Der Link funktioniert leider nicht mehr, ich würd das aber gern nachrecherchieren.
Weiss jemand wo es die Unterlaggen noch gibt ?


----------



## BenTigger (24 November 2016)

Welcher Link denn?


----------



## jupp11 (24 November 2016)

vermutlich der hier


Aka-Aka schrieb:


> Details:
> http://www.checkpoint.com/products/downloads/whitepapers/Eurograbber_White_Paper.pdf
> allerdings sind die dort angegebenen Details geschwärzt.





> Page Not Found
> Contact Sales
> 1-866-488-6691
> 
> ...


----------



## Aka-Aka (24 November 2016)

Moment. Ich geh mal schnell in den Dachboden


----------



## Aka-Aka (24 November 2016)

--- mist, ich finde nur die Zusammenfassung... aber ich kümmere mich drum---


----------



## Aka-Aka (24 November 2016)

hier isses.


> This is the materials for CS7053 so that Michael and I (and maybe some students) can edit things. But use it if you want, just include some form of ack.
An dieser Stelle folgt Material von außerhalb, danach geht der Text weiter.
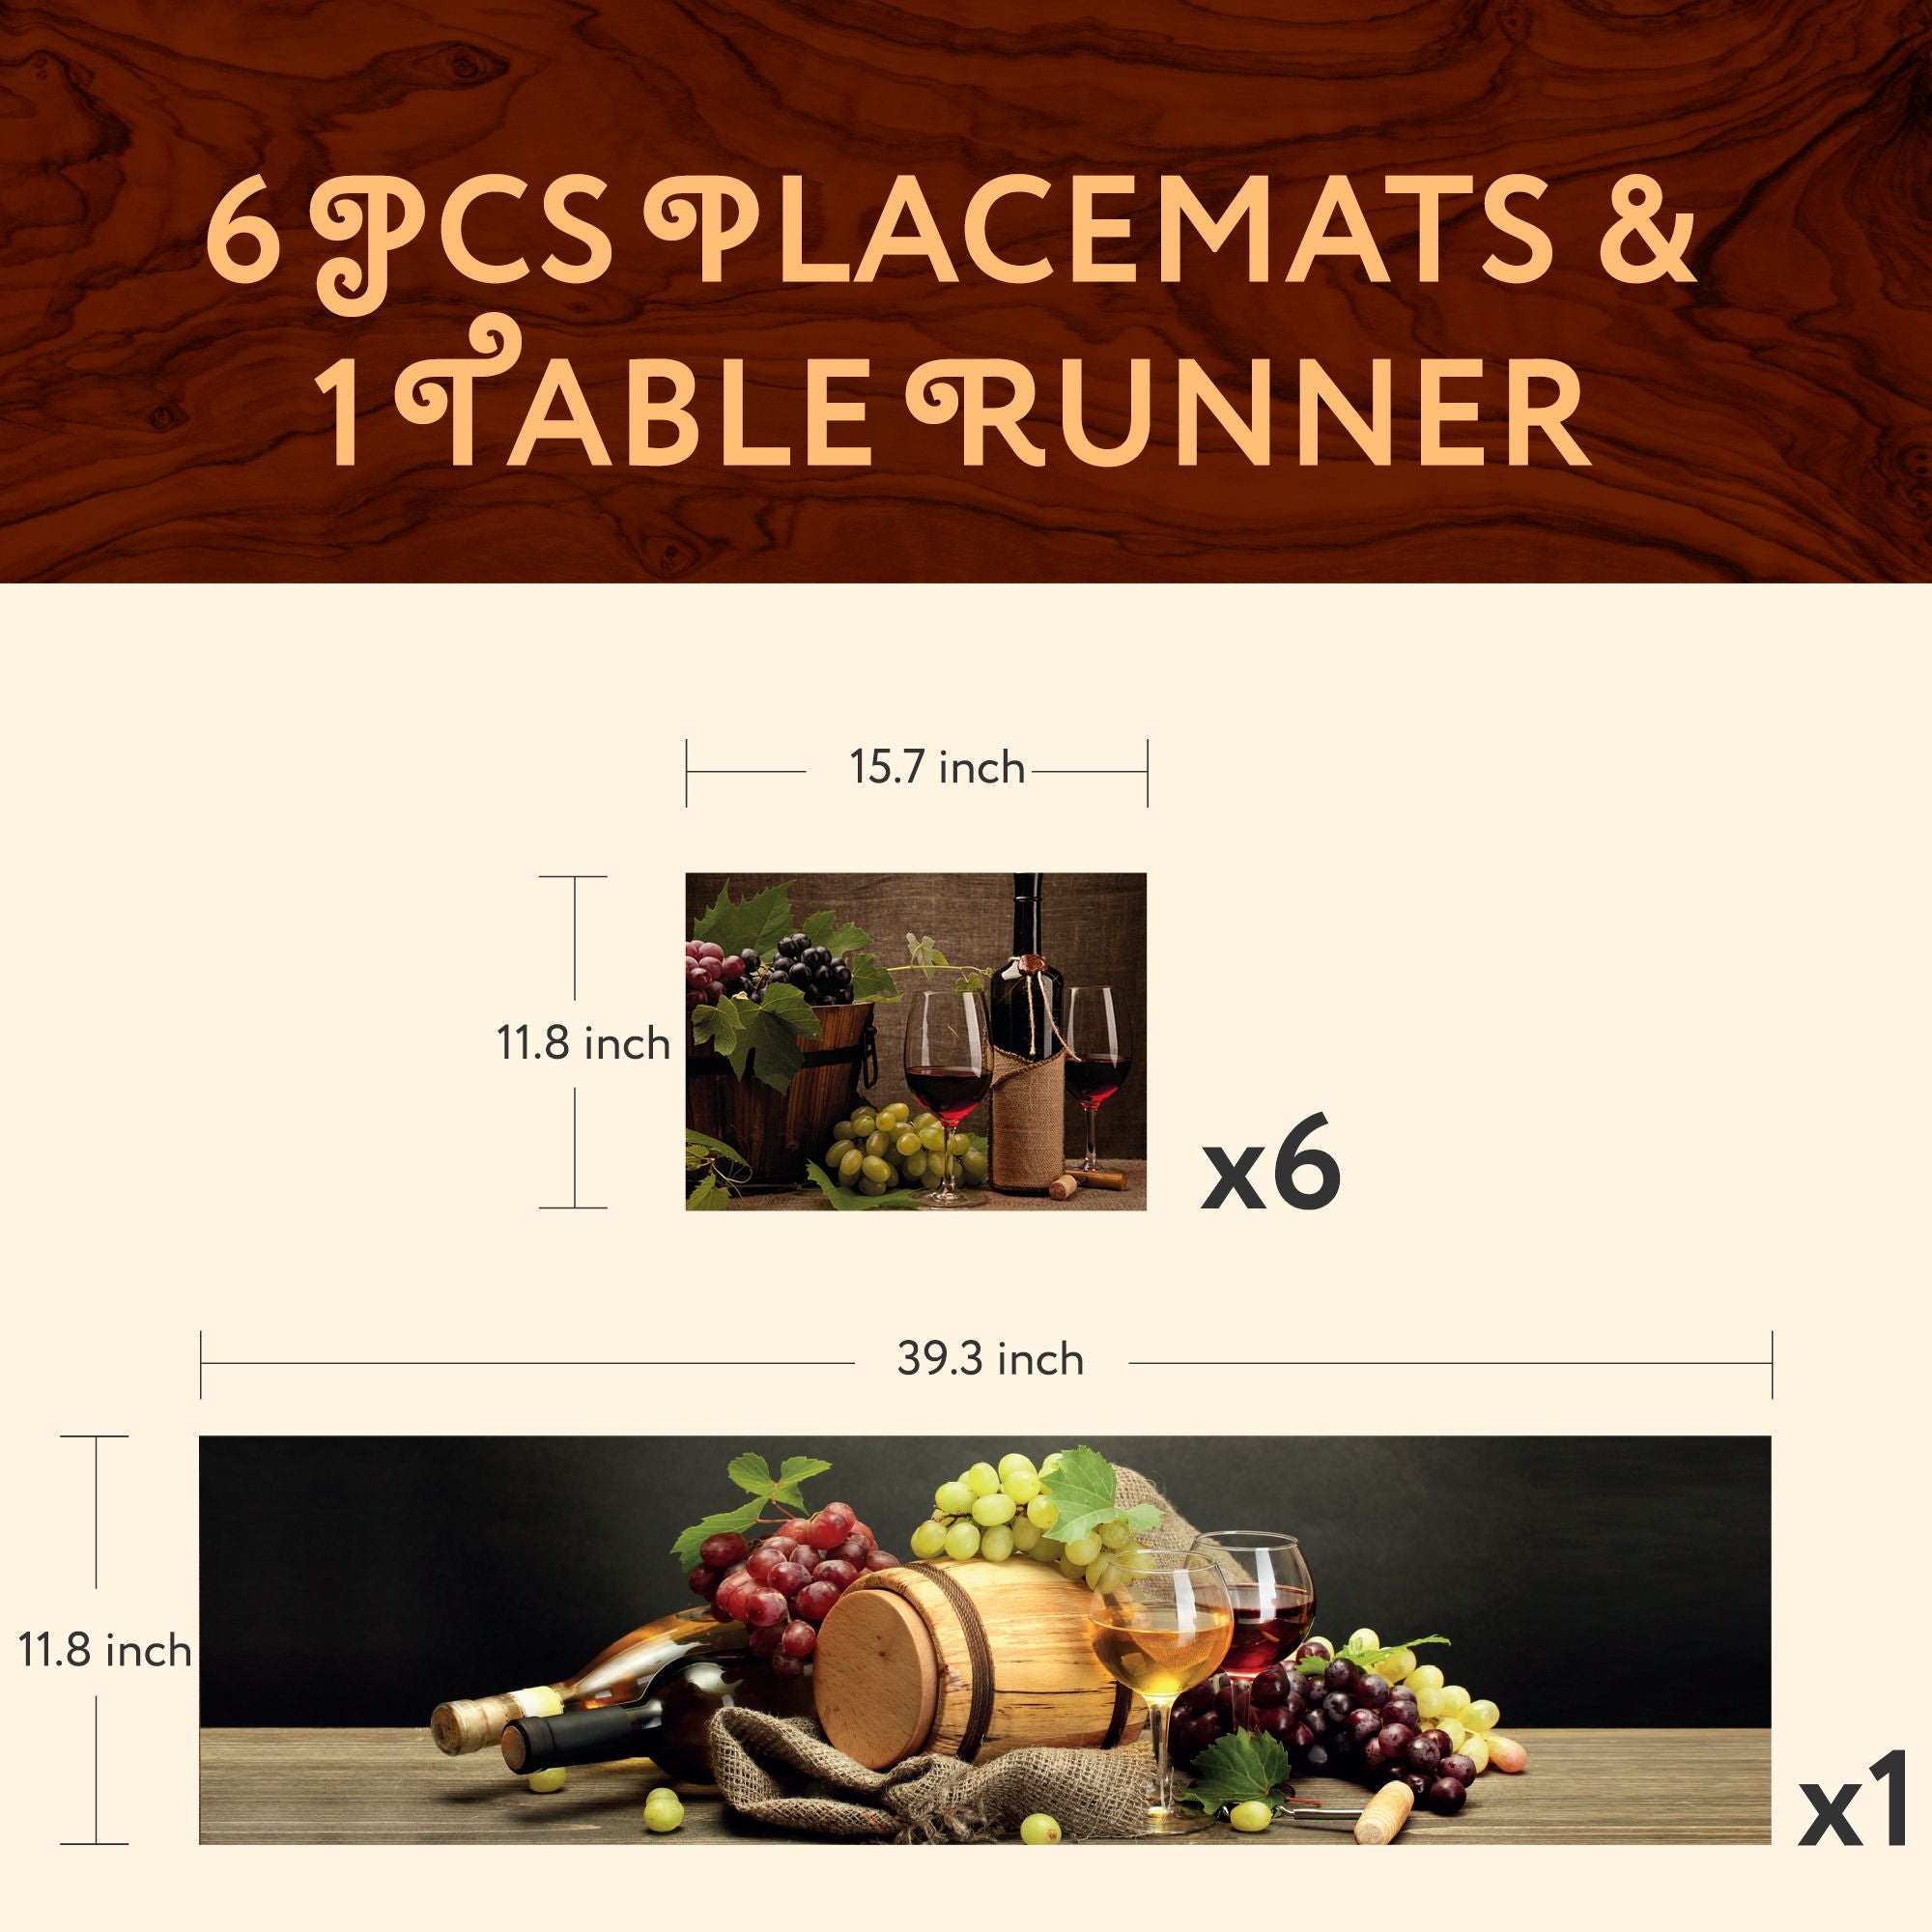 1 TABLE RUNNER + 6 PLACEMATS SET (WINE)

"I", das ist Stephen Farrell (denke ich), bei dem ich mich an dieser Stelle mit meinem größten Respekt und einer tiefen Verneigung vor seiner Arbeit erkenntlich zeigen möchte.
https://www.tcd.ie/research/profiles/?profile=sfarrel6
https://www.cs.tcd.ie/Stephen.Farrell/

https://github.com/sftcd/cs7053/tree/master/materials

wer sich sehr intensiv mit Computersicherheit usw. beschäftigt: da gibt es noch jede Menge höchst spannender Sachen! Stuxnetdossiers, oder seine Vorölesung "Snowdonia". Ich danke für die Nachfrage, die mir dieses Schatzkästchen zeigte!
höchst empfehlenswert.
Thank you, Stephen!

sollte der Anfrager an diesem Thema journalistisch oder wissenschaftlich interessiert sein, empfehle ich auch, sich an Brian zu wenden:
https://krebsonsecurity.com/2016/11/neer-do-well-news-and-cyber-justice/

Kontaklformular. Manchmal muß man mehrmals freundlich anklopfen.


----------



## Kaisser (24 März 2018)

gibts den Originallink vielleicht wieder ?


----------